One of the things this movie did really, really well was to demonstrate how within certain professions, you are held accountable for possible mistakes. We went to see it last night, on the heels of yet two more shootings by the police, and it put the movie into a completely different context.

The air traffic controller is immediately pulled from his job the minute it becomes clear that a plane crashed on his watch.

Sully and Skiles go before the NTSB the day after the crash. They did the right thing and saved lives and they still have to account for their actions. Not in some kangaroo court that's going to rubber stamp everything they say as the gospel, but as humans who are trained professionals.

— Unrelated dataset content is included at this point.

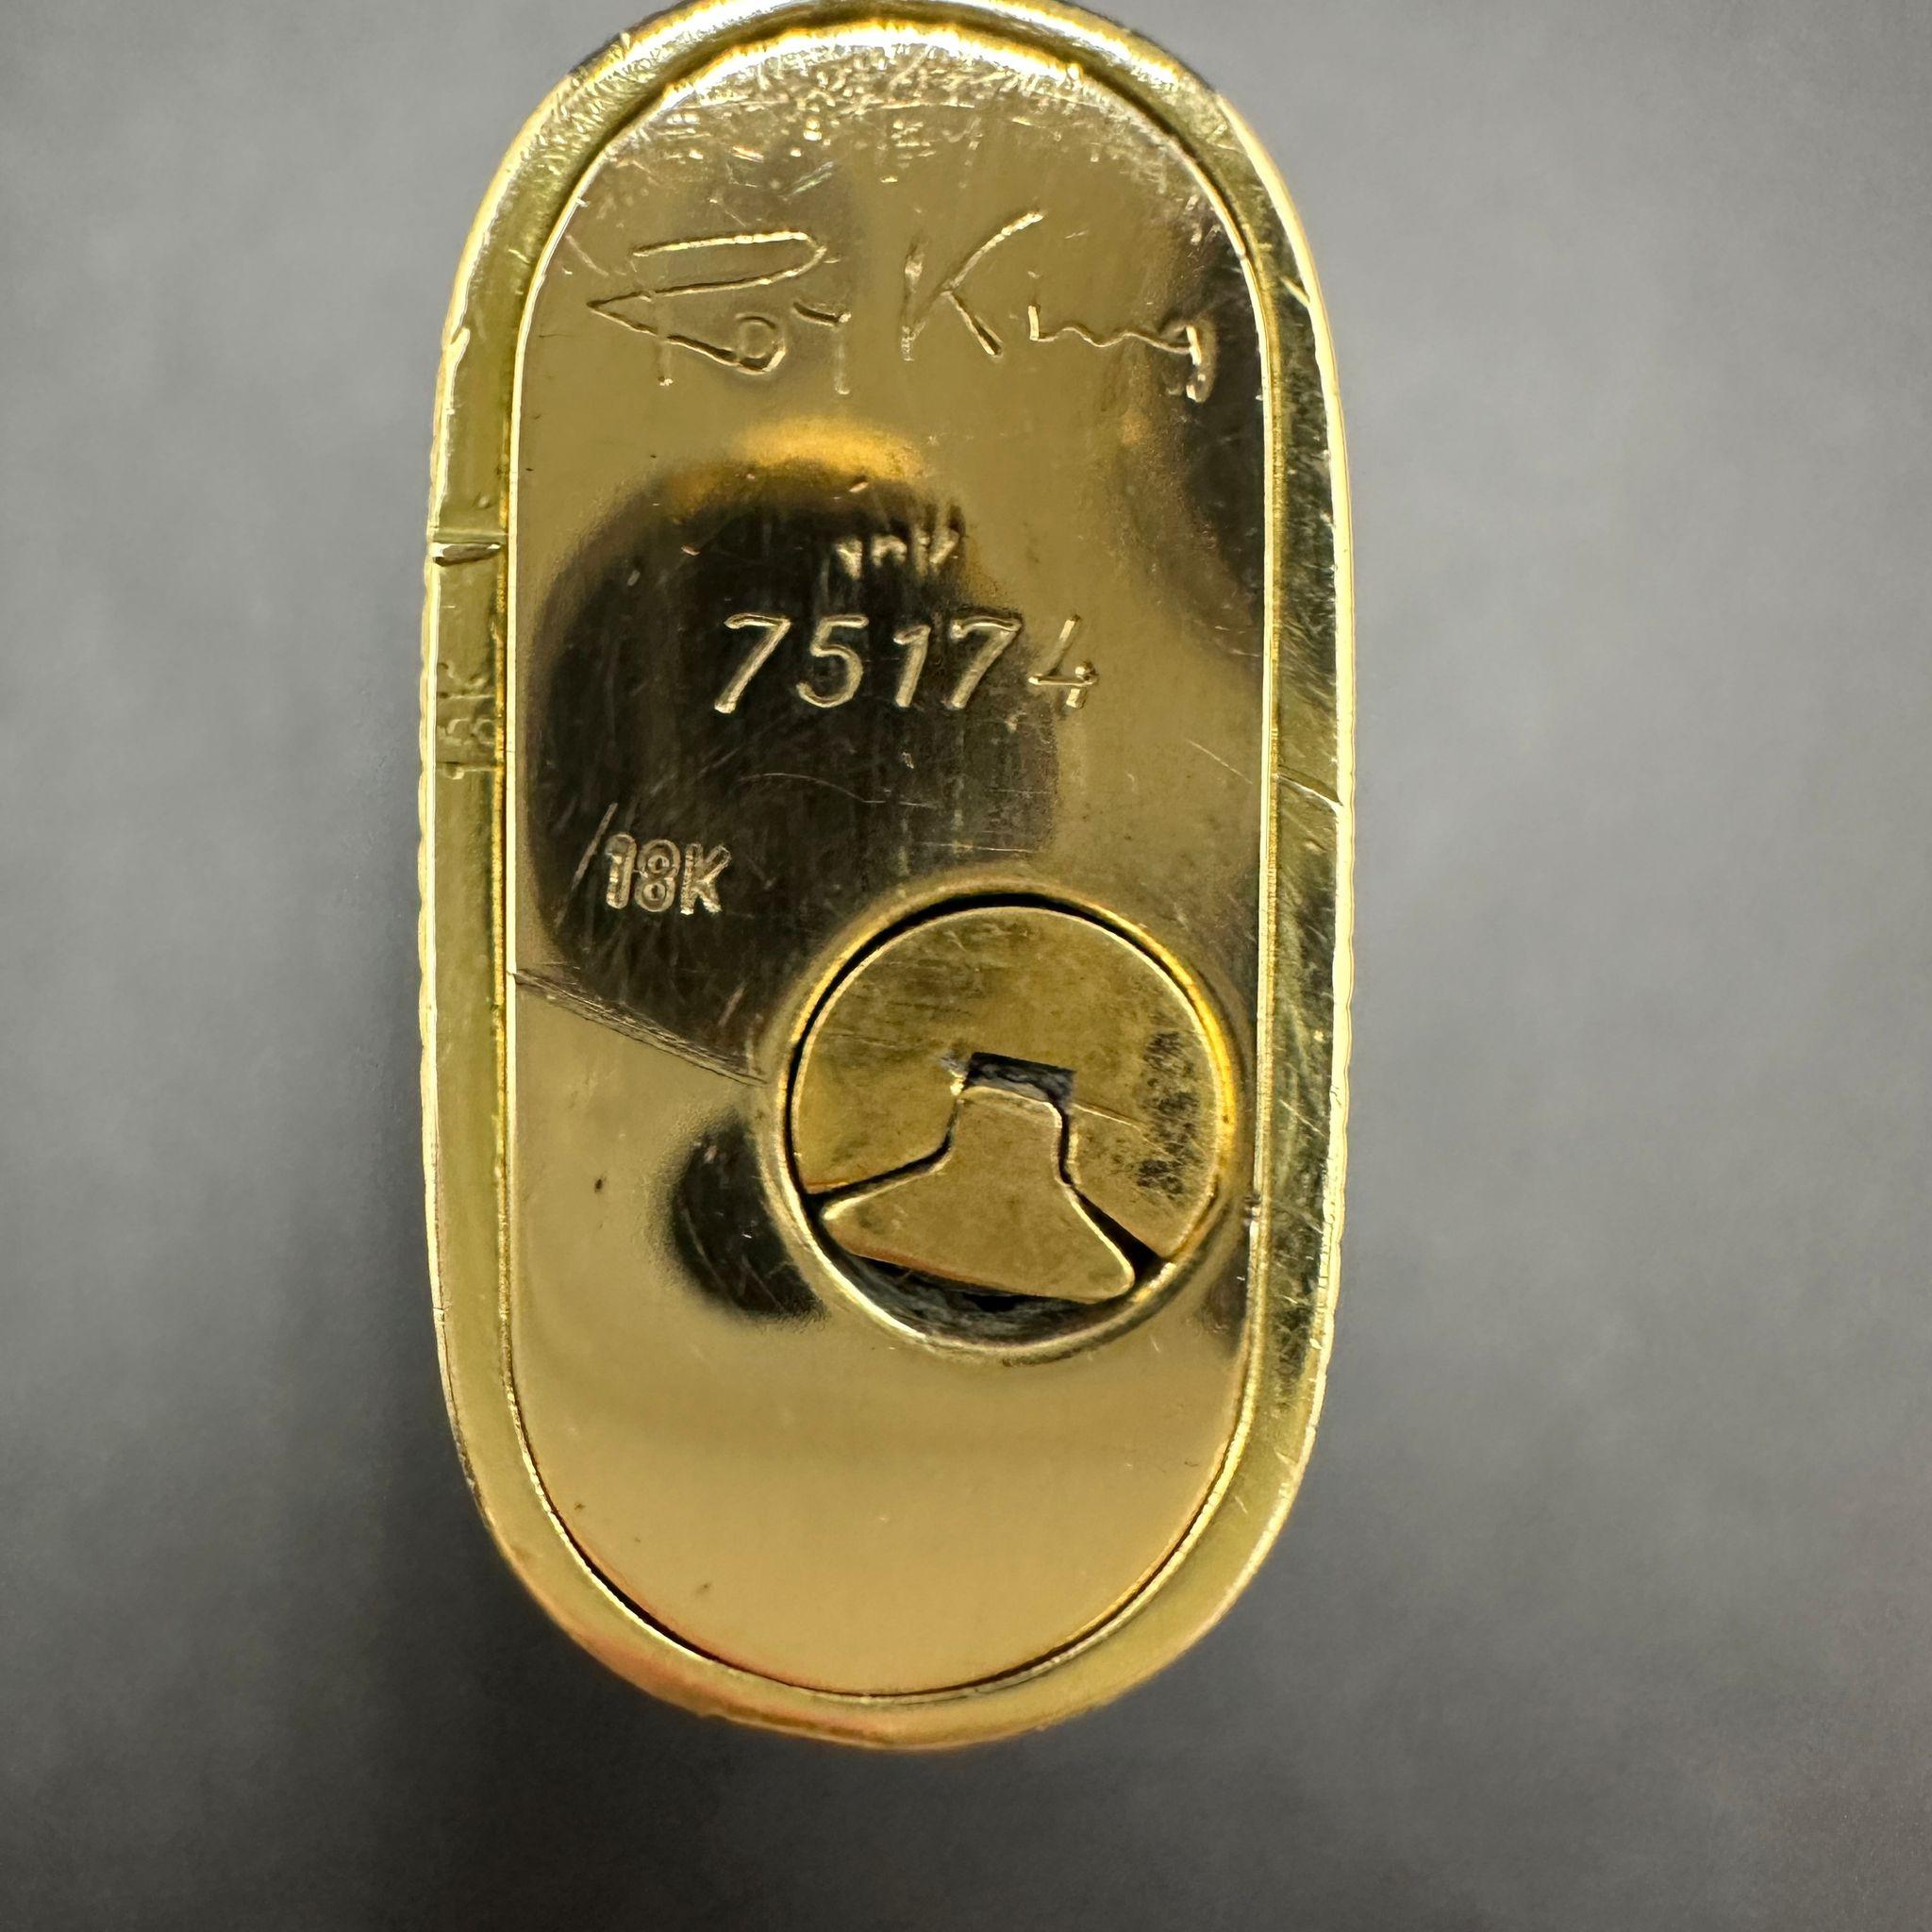 Very Rare Le Must De Cartier “Royking” Lighter, Gold Plated & Enamel, Circa 1980 1

Even the movie's erroneous assumption that the NTSB was out to get the pilot's hinge on the crucial idea that people make mistakes. Not the equipment, not the birds, but the actual men flying the plane might have made the wrong decision. That despite your decades of training, you could, feasibly make a mistake. Because humans are deeply fallible.

Contrast that to the narrative about police who are (at least it feels like it) never held accountable for the human element of their actions and this movie said something to me that I'm pretty sure Mr. Eastwood did not intend.
posted by teleri025 at 2:28 PM on September 21, 2016


Everything I've heard about this, and everything I've come to know about Eastwood, suggests that it is plain vanilla far-right feel-good pandering, and for whatever reason, I thought Tom Hanks was better than that. So this is kind of a shame.
posted by turbid dahlia at 3:11 PM on September 28, 2016


Finally watched and have to agree that painting the NTSB board as the enemy was piss poor decision. For a movie titled Sully, about a pilot who pulled off an absolutely amazing landing, there's very little about him in the movie.

There are a few flashbacks, but they're empty, evidently Sully was always a good pilot? Which isn't a bad thing at all, but there was no curiosity about why he was so good. What lessons did he learn over his decades of flying that helped him make the right call at the right time in an emergency that he wasn't trained for? Would have loved to have seen the answer to that.